Process pre-tokenized text.

Register default tokenizers with sensible configurations.

Register a language-specific text analyzer with stop words and stemming.

Register a regex-based tokenizer.

Register a simple tokenizer.

Register a language-specific stemming tokenizer.

Register a whitespace tokenizer.

Tokenize text using a registered tokenizer.
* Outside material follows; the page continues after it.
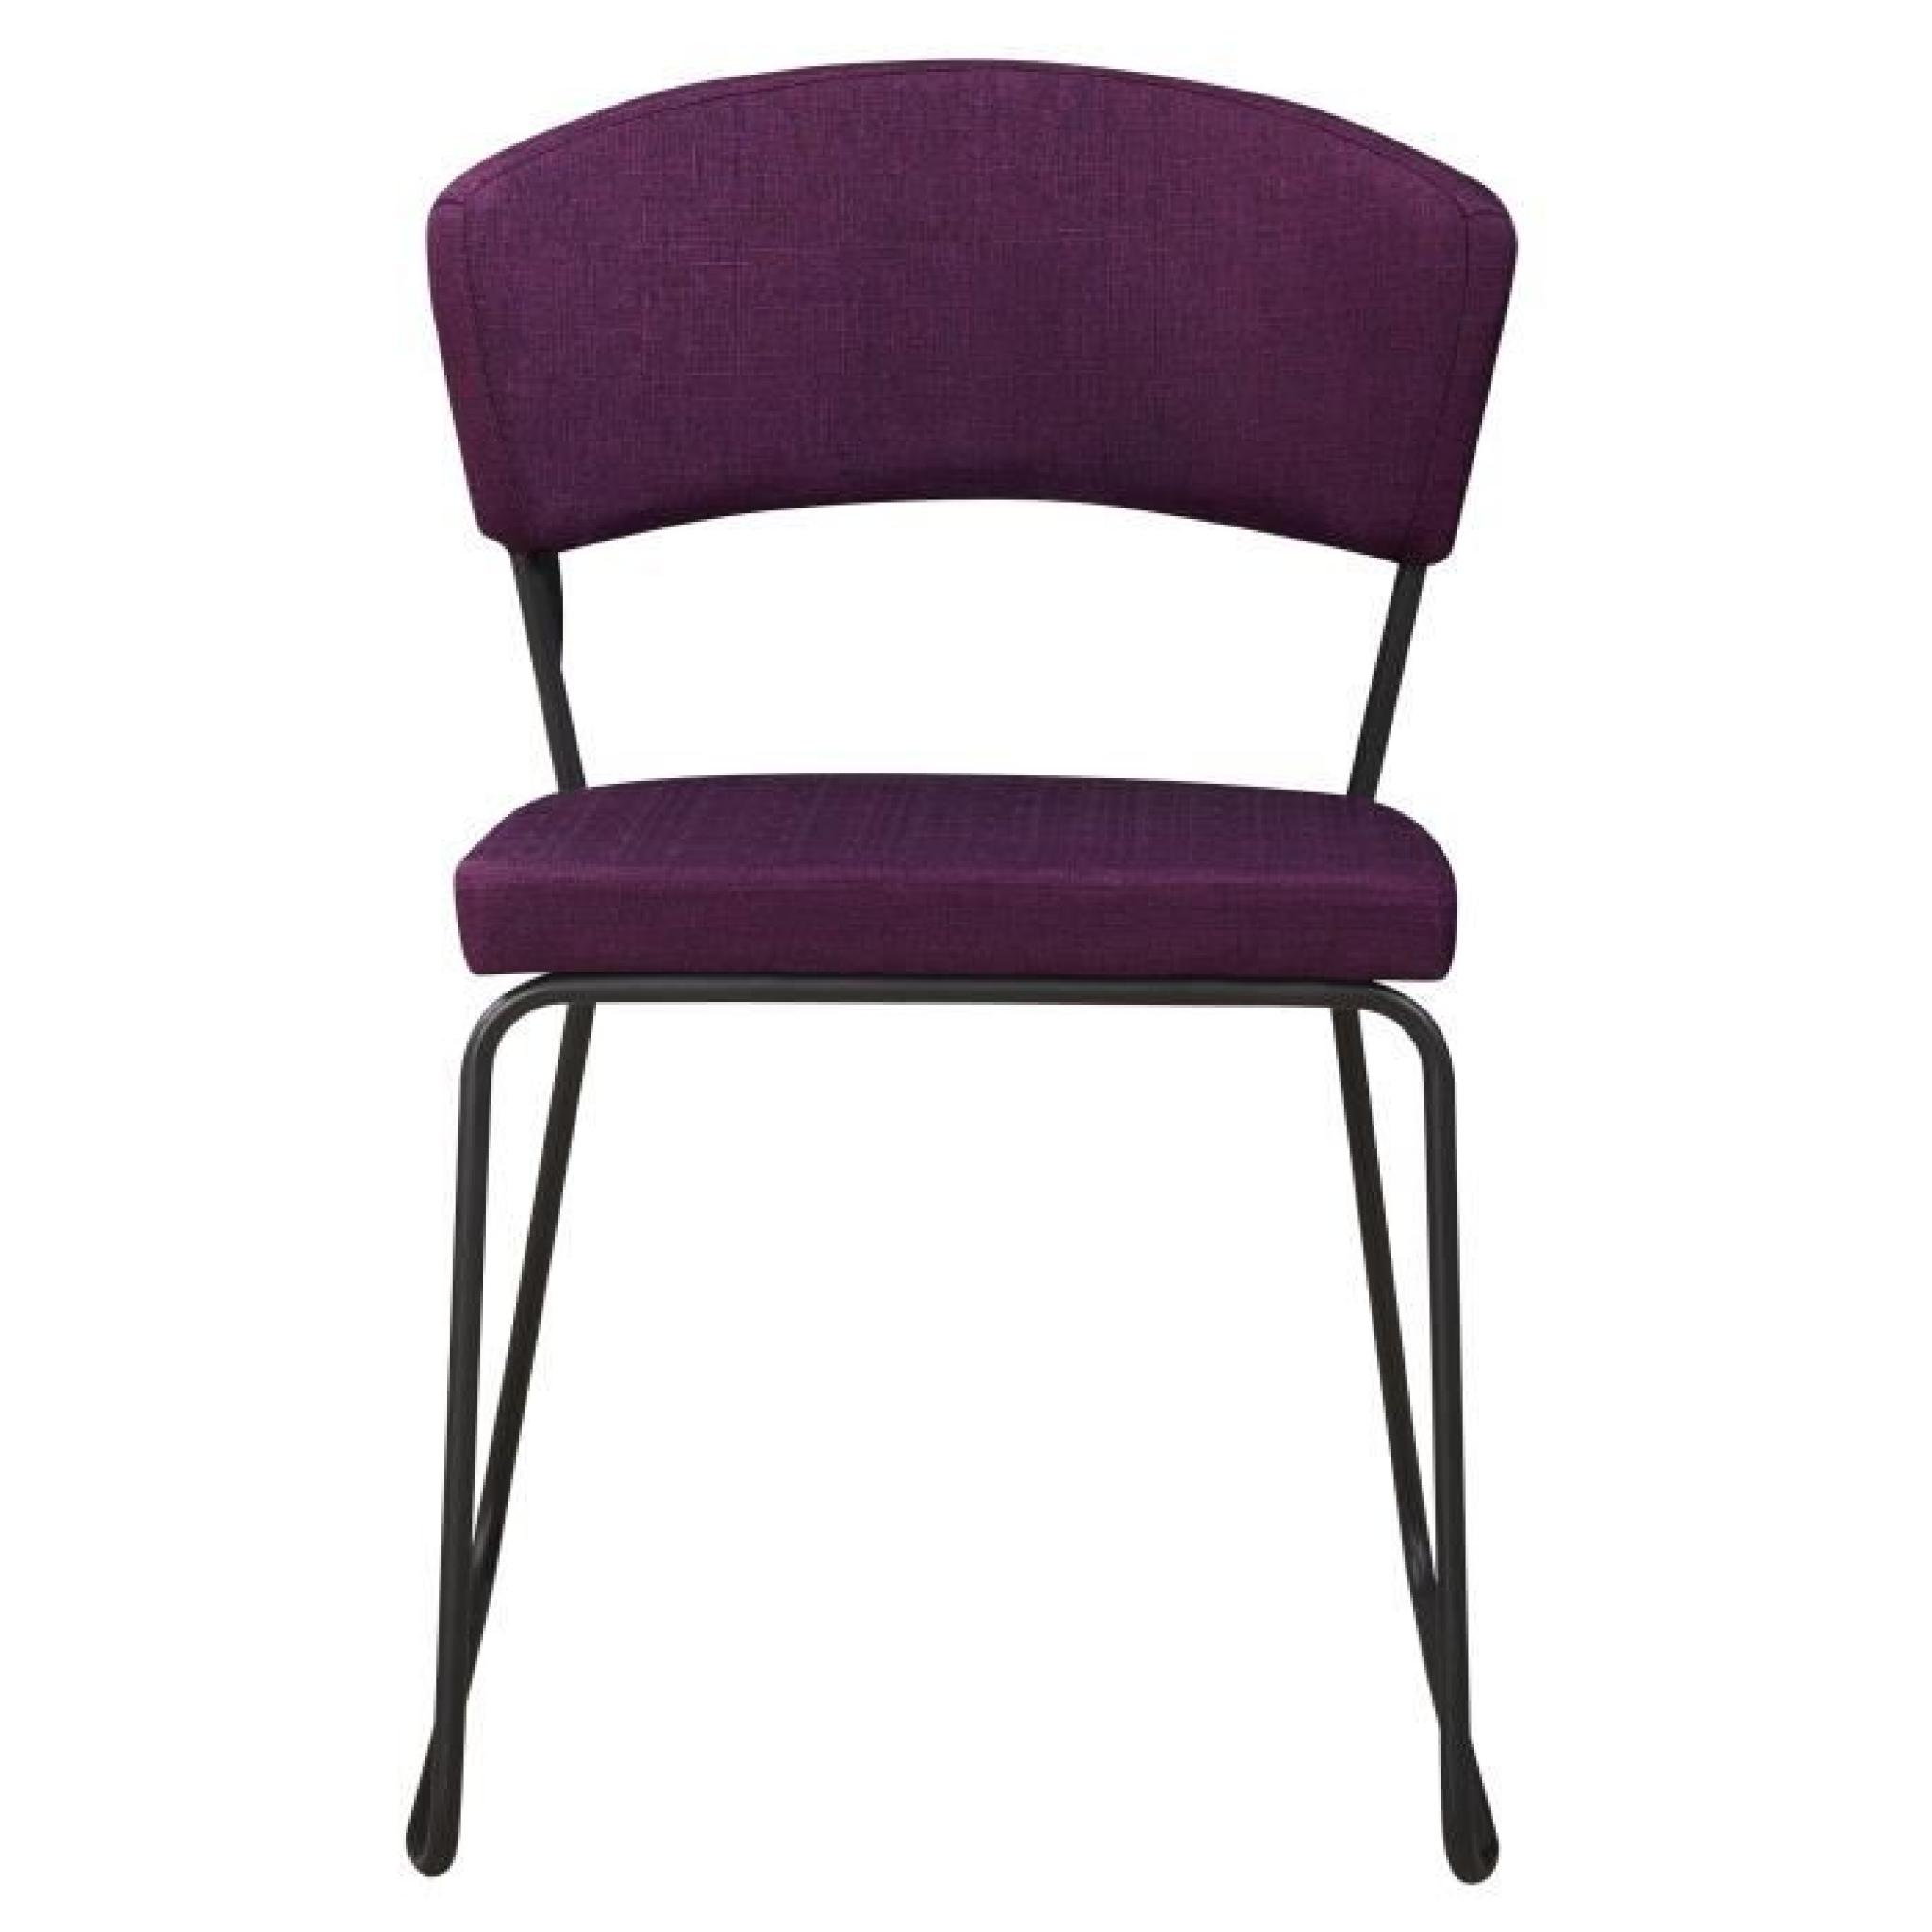 Chaise design minimaliste en tissus coloris prune pas cher

Tokenize text and return detailed token information including positions.

Types

detailed_tokens()

@type detailed_tokens() :: [{String.t(), non_neg_integer(), non_neg_integer()}]

tokenizer_name()

@type tokenizer_name() :: String.t()

tokenizer_result()

@type tokenizer_result() :: {:ok, String.t()} | {:error, String.t()}

tokens()

@type tokens() :: [String.t()]

Functions

benchmark_tokenizer(tokenizer_name, text, iterations \\ 1000)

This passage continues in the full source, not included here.